Hands On with the HTC Droid DNA for Verizon
Updated: updated details of indicator lights and speaker grille, and added photos
If the "phablet" category of super-phones blurs the line between phone and tablet, HTC is now blurring the lines even more with the Droid DNA for Verizon. With a 5-inch screen, the Droid DNA is notably larger than high-end phones with 4.7-inch screens. But put it next to a Samsung Galaxy Note II, and it's clear that the DNA doesn't quite qualify as a phablet, either. This is just one really big phone. And that 5-inch display sports ground-breaking 1080p HD resolution. We spent some time with it this morning. Read on for our first impressions.

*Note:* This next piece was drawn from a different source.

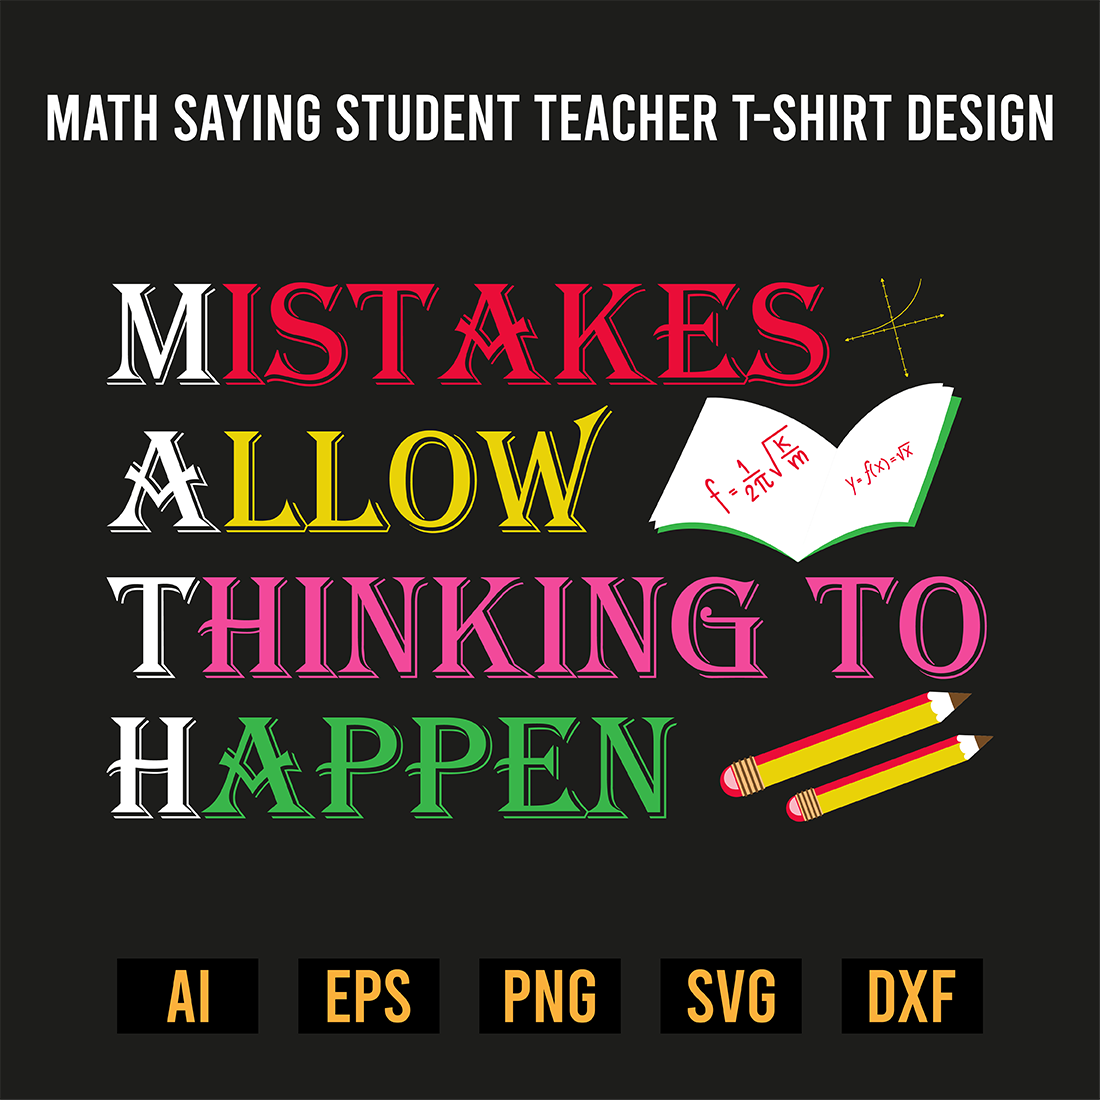 Math Saying Student Teacher T-Shirt Design image preview.

The design of the Droid DNA is best described as a mash-up of the One X and the EVO 4G LTE. The front is glass with a curved bevel around all four edges. As they do on the One X, curved edges on the front glass really enhance the feel of the phone. Also like the One X, the back is unibody solid polycarbonate, with a matte texture. This unibody design and matte polycarbonate texture is something HTC excels at, and they've nailed it again on the Droid DNA.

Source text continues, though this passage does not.